There are three elements to his communication campaign: the good, the bad and the ugly.
The good – First, he is not an insider as I discussed yesterday. He is not part of DC nor is he a “professional” politician. Opponents mentioned, and still do, President Obama’s political career amounting to being little more than a community organizer before he was a candidate. Mr. Trump, however, comes with considerable experience of running a large business. Will he become a breath of fresh air? He’ll certainly be a different politician, and he already is, because his campaign is not the conventional political campaign, it is a modern communications campaign.

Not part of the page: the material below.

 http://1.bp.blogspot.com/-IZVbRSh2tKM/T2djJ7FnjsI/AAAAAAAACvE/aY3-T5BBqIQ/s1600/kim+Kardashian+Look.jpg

Traditional campaigns try to control the language and the response. They try to match idea A to response A, idea B to response B, and so on. Mr. Trump lets things get out of control and uses incendiary language, so that idea A gets responses A through Z. He wants to create a “communication noise,” and in that noise he can target specific groups. As his candidature evolves, so does his approach. He has his base, and now he’s got everyone’s attention. This was not going to happen without making a noise, and getting everybody talking and tweeting.

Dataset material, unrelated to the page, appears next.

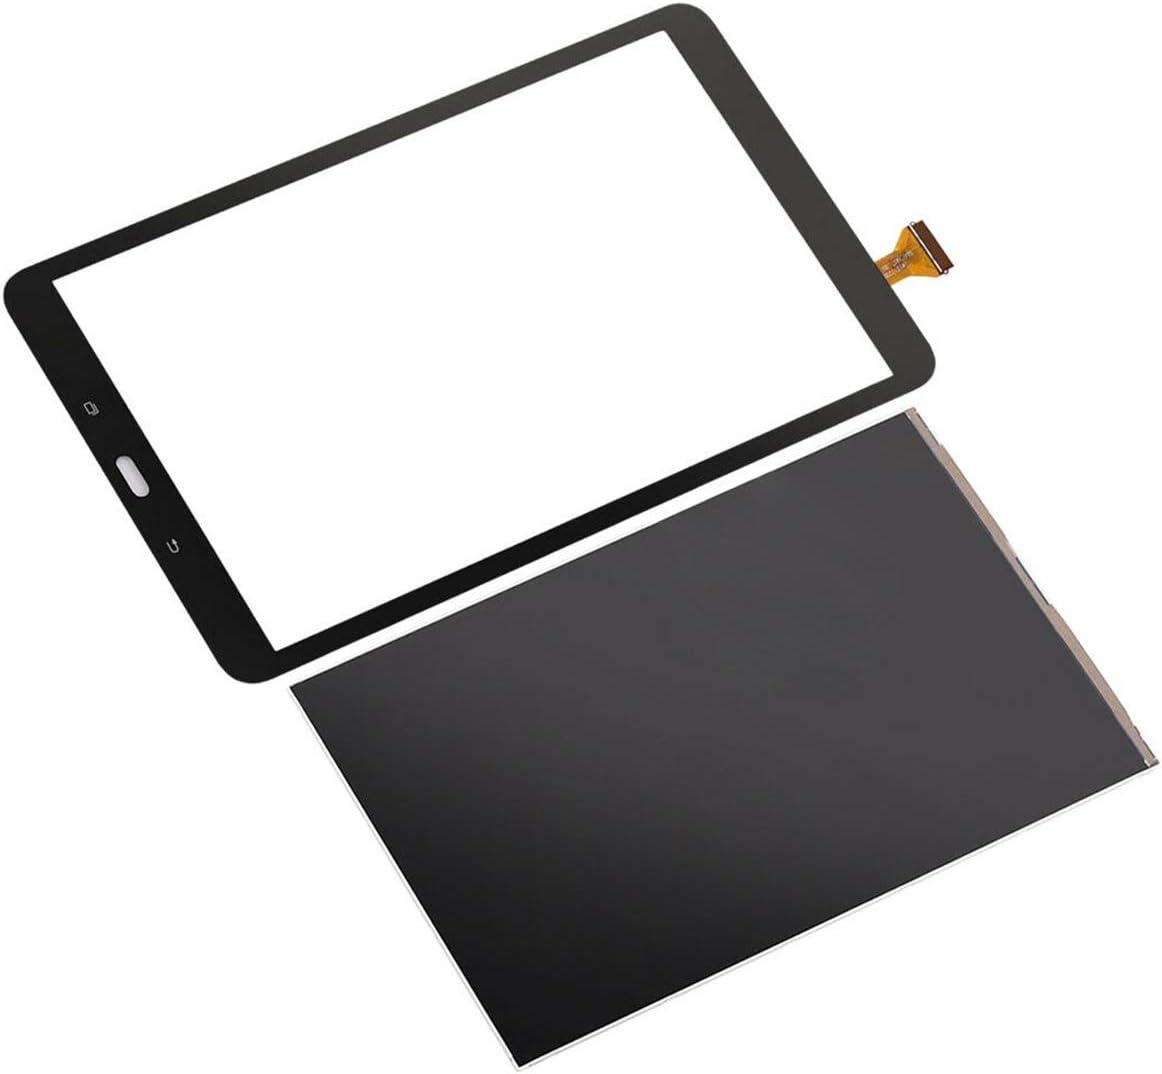 Pantalla tactil LCD - Galaxy Tab A 10.1 T580 T585 T587

The next step he needs is to narrow the responses, and start to address those who might now listen to him, if he can say the right thing. However, he needs to do this deftly, as he has to confront the bad and the ugly that has gotten him to this stage.
The bad – Even his supporters will admit he has divided many people, but rather than distressed about it they’re happy, because for them this is Mr. Trump making a stand. Yet, if he is to win then he has to get some of the people still opposing him on his side, and of course this includes finalizing the GOP nomination. In his communications strategy, he has allowed for this, because from the outset he would have known that the GOP would never embrace him with open arms. So, you don’t communicate as if they are, not in expectation, nor in hope.

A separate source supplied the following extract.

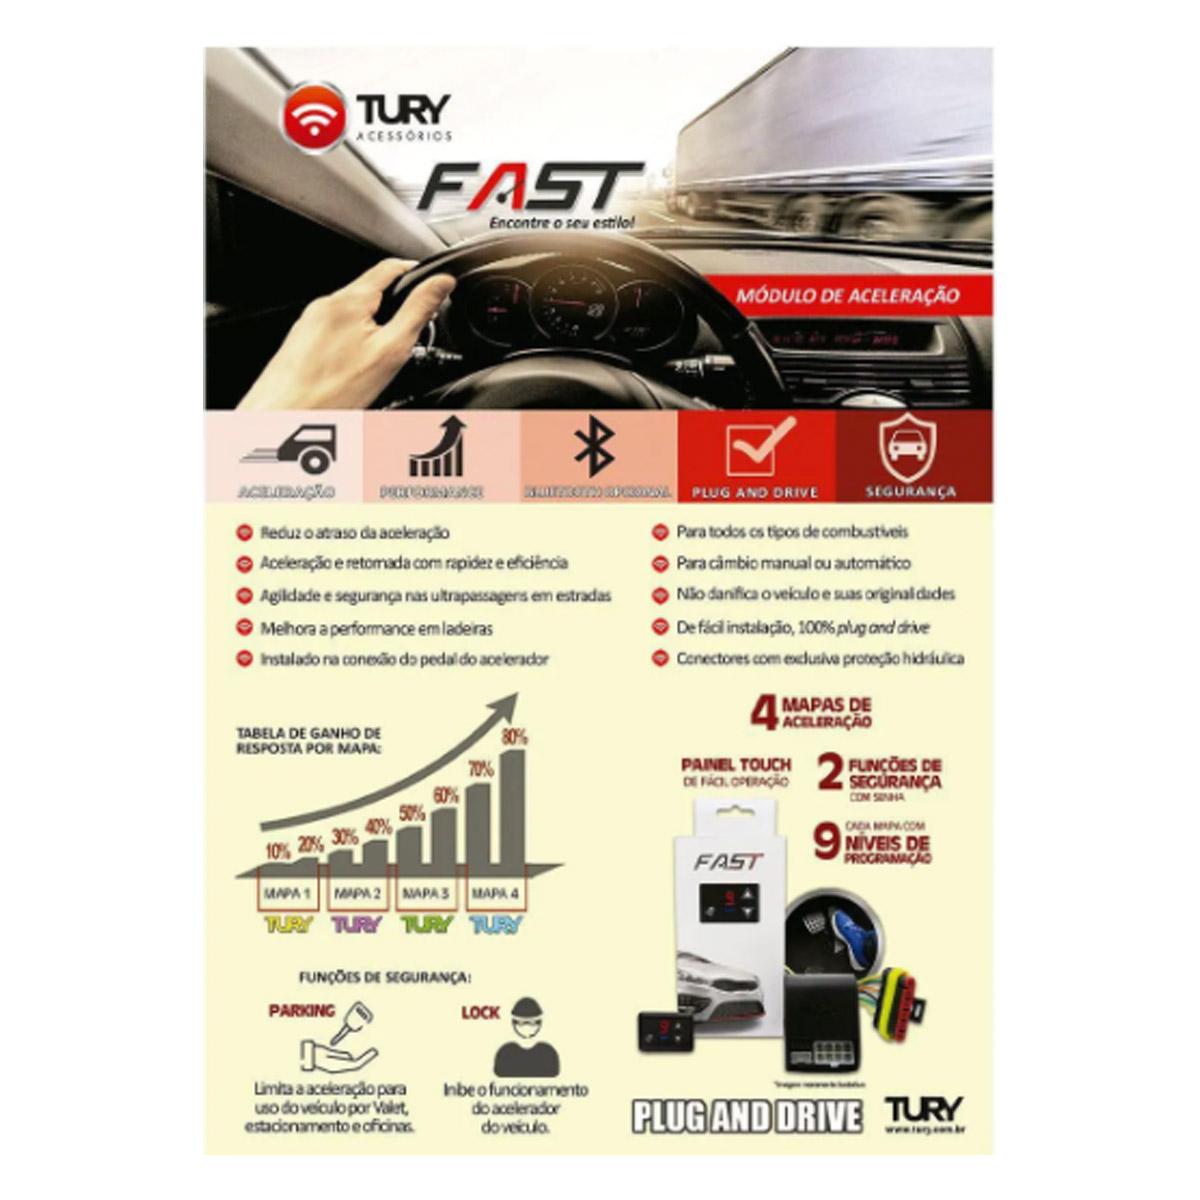 Módulo Acelerador Eletrônico para BMW com Bluetooth FAST2.0P Tury

Mr. Trump knew from the start he was in for a rough ride, so what to do? Make the ride rougher. This not only gets attention, it also shakes complacency in your opponent. Keep rattling them, keep them running in different directions, while you ruthlessly pursue your own agenda. This is high stakes, but if Mr. Trump pulls it off, then what a coup. He can show how he turned his opponents around, and his endorsement makes him someone who can bring this all together. This, I suggest, for an outsider was the only realistic strategy for achieving success.
At the moment all the talk is inward looking, it’s about the GOP. Once nominated it will all be about the Democrats and shaking the complacency that will have gotten Mrs. Clinton nominated. If her complacency, or that of her campaign managers, leads to portraying Mr. Trump as a buffoon and asking America to elect the sensible candidate, she will most likely lose. She’ll need to be cleverer than this.
The ugly – Which brings us to the ugly. To date there is much that has been ugly about the GOP campaign. The style of Mr. Trump’s attacks and the disgraceful behavior and online intolerance of a significant portion of his followers has made this a very ugly campaign. On one level, the sooner he distances himself from such behavior the better and he will be able to concentrate his attempts on appealing to a broader voter base. Many of the people who condemned him in the past will at some point change their tune, commentators always do, because they want to be seen to be backing the clever money. On another level, he will need to launch an assault on his opponent. All the things that happened during the GOP nomination are largely neutralized by the fact it was the GOP nomination process, just as much of what Mr. Obama said about Mrs. Clinton was neutralized when he was nominated. It doesn’t go away of course, and Mr. Trump’s opponent will drag up the past, but the past is rarely effective in these campaigns, unless it is the far distant past, and Mrs. Clinton has her own fair share of that.
Mr. Trump’s Communication Coup
Mr. Trump, with this strategy, will get the nomination and you should not underestimate him for getting the presidency, and if he wins it will be a modern communications coup. This is not my hope, nor is it an endorsement; it’s just a reading of his communications strategy and our media age. This is how a communicator wheels and deals, and yet again Mr. Trump is showing us the art of the deal, the communication way.